What you should do ::
Would you please copy every line from the records that contains the word "para"?

Entries provided ::

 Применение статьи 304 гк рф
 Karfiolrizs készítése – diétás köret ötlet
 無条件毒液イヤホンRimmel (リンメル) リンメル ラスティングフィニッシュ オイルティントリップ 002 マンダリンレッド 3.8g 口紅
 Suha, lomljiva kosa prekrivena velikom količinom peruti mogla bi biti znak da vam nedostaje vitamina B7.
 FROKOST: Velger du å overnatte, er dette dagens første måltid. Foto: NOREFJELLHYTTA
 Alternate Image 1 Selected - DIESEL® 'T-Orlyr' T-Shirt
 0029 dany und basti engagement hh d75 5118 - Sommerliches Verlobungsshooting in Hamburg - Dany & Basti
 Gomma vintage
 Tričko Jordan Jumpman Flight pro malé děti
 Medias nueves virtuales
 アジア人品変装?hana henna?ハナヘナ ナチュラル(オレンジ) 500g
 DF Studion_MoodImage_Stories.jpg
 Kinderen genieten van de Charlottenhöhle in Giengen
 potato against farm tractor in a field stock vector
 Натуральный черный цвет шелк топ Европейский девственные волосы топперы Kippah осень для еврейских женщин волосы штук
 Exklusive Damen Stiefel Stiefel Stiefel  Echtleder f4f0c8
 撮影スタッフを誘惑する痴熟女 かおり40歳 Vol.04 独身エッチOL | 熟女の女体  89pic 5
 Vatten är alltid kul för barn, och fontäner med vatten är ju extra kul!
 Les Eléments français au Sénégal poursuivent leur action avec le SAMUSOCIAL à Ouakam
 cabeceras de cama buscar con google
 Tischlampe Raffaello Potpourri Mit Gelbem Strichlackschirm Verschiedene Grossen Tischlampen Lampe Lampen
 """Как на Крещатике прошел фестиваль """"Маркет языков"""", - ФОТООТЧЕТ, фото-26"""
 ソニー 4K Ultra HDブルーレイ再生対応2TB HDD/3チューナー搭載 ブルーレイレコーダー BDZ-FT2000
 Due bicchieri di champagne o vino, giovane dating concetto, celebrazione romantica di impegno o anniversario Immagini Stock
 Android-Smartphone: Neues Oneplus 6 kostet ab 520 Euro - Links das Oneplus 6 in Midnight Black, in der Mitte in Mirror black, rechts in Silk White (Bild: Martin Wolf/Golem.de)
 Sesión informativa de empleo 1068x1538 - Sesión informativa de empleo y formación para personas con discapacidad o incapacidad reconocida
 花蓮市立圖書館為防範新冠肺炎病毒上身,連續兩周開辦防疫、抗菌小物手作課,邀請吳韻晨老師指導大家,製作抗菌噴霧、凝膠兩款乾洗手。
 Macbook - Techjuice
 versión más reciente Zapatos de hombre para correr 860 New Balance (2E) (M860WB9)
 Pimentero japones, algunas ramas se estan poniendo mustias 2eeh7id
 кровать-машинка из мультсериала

Response for this exercise ::
 Sesión informativa de empleo 1068x1538 - Sesión informativa de empleo y formación para personas con discapacidad o incapacidad reconocida
 versión más reciente Zapatos de hombre para correr 860 New Balance (2E) (M860WB9)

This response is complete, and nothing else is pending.